Single Nucleotide Polymorphism Simulator (SNPS)

Inspiration

Super bacteria and cancer cells spread faster than we can study. Cells reproduce too slowly, so wanted to create an ideal simulation of cell mitosis to predict the evolution of these harmful, unicellular organisms. If these simulations can mimic results of real research, this SNPS can forecast the invasiveness of these cells and give farmers and patients an opportunity to control their futures.

What it does

The user inputs an initial cell to be "cultured". This cell has a unique sequence of nucleotides "A,C,T, and G". Each of these "letters" have a chance to mutate, a probability set by the user based off of research data. The user will also be able to set an interval of reproduction. Eventually, an isolated environmental factor (something that affects the growth of cells, such as heat, pH levels, or pesticides) will be introduced by the user with custom parameters which include an adjusted cell reproduction rate, a new cell death rate, and most importantly, a specific "beneficial sequence" that would allow the cell to better survive in this environment if it contains the sequence in its DNA (evolutionary advantage). Cells with this beneficial sequence have better reproduction and low-deaths rates. They will pass on this beneficial sequence to their progeny, as other cells die out. This is where evolution is beautifully simulated.

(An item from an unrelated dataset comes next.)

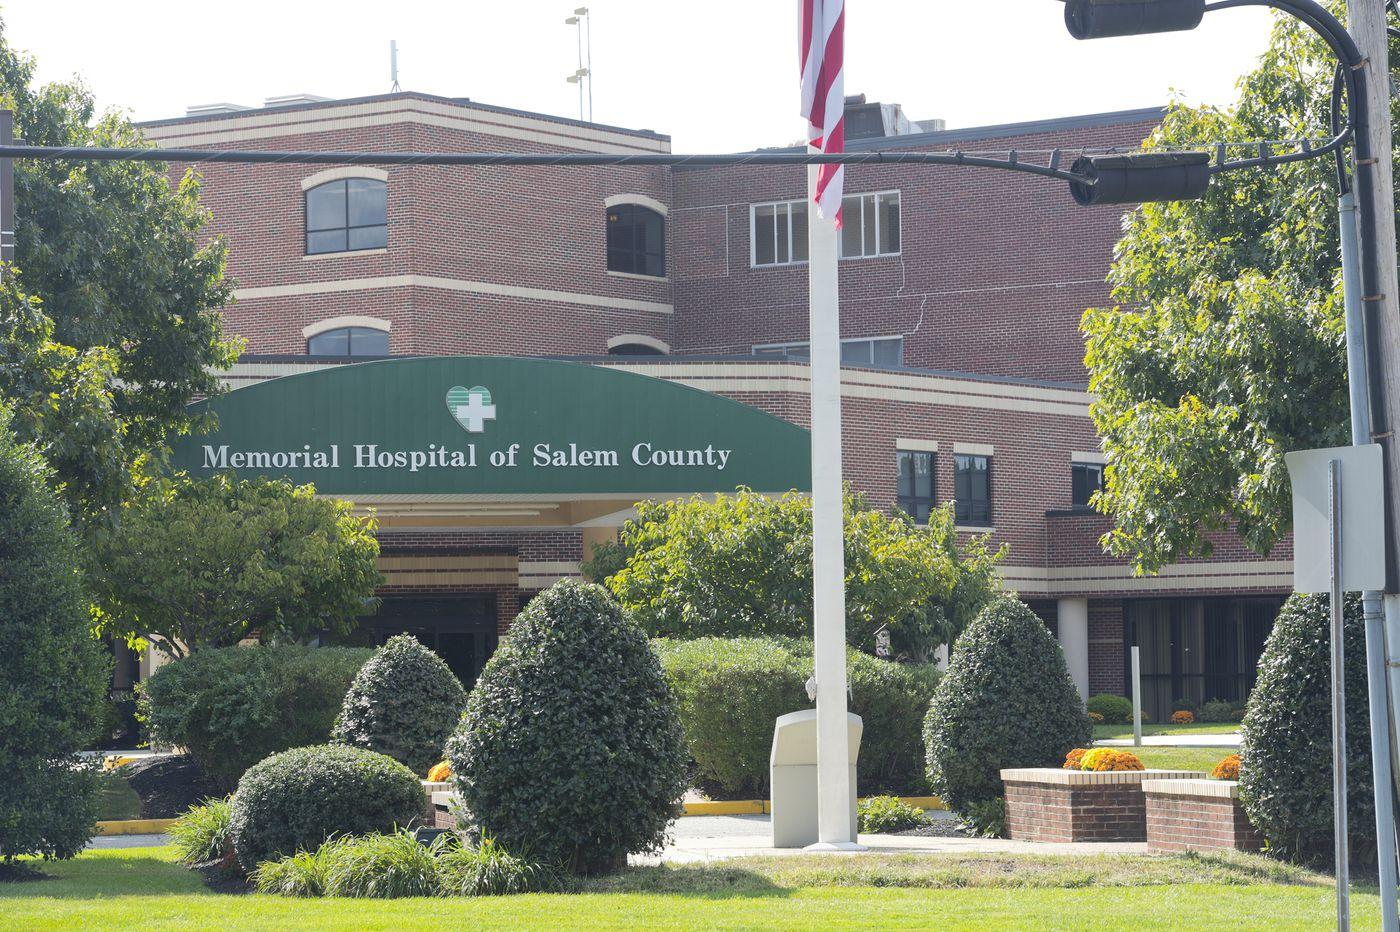 Meeting set on sale of Memorial Hospital of Salem County

An animated graph will be visualizing the population growth and the ratio of cells with the beneficial sequence to those who don't in real time. At the end of the simulation, a statistics page will show end results and useful stats.

How we built it

We chose to stay simple and use only Java. We created a GUI and a graphical animation using basic Java libraries and methods. Though our tools sound sparse, the code is huge, professional and clean, and the final product looks fantastic.

Challenges we ran into

Real life cell sequences are quite long. Human DNA has about 6 billion "letters" of code. Imagine a 100,000 population of cells, each with 6 billion base pairs to record and manipulate. That may work on expensive computers, but we wanted our program to work for anyone ranging from curious to professional. Unfortunately, personal machines will slowly process the program if certain limits are passed. The programs works fine for presentation and understanding, but the data we put in will not be of the order of magnitude of actual lengths that we would ideally want.

We also had to downsize implementations. For the simulation to be ideal, we needed to implement infinitely many factors into the program. We can come close to infinity given a long time period, but we had to be realistic and plan for 36 hours worth of implementation. We are proud to say we got in more than everything that we felt was necessary for the program to be minimally complete. There is room for more implementations in the future.

Accomplishments that we're proud of

Our simulation does indeed generate sensible data that we craft and base off science. We attempted to cover every realistic factor with what our capabilities in programming allowed us to do. There aren't any holes or bugs that we push ed under the rug; everything works the way it should.

Our ability to work well together allowed us to conquer every programming obstacle we faced, and we enjoyed each other's company. We are proud of our ability to communicate and function as a team.

What we learned

We learned many new methods in Java, and how to be creative and efficient in creating algorithms. This project required a lot of clean code, a bunch of mathematics, and a background in Biomolecular studies.

What's next for Single Nucleotide Polymorphism Simulator (SNPS)

We want our program to be able to compute data from historical research, and see if our simulation can resemble actual results. With success, SNPS can be a valuable asset to biomedical and bio-molecular engineering field of studies. The future of genomics, pest control, cancer research, and bacterial evolution may become more accurate and efficient with data analysis and prediction using our simulation.

We need to create better algorithms that simplify computation so that we can reach the 6 million-long sequence of DNA goal. Even if we had a super computer that can compute what we input, our goal is to make this program accessible to anyone on any device.

After this hackathon, we plan to add on to our program and continue for ideality in simulation. Perhaps we can make the GUI more fancy and advanced as well. Also can add more options for the animated graph such as a pause button, snapshots, etc. Finally we can add to the stats page by allowing the user to browse through all of the living cells and each of their sequences. There would be a filter that brings up all cells with the beneficial sequence highlighted.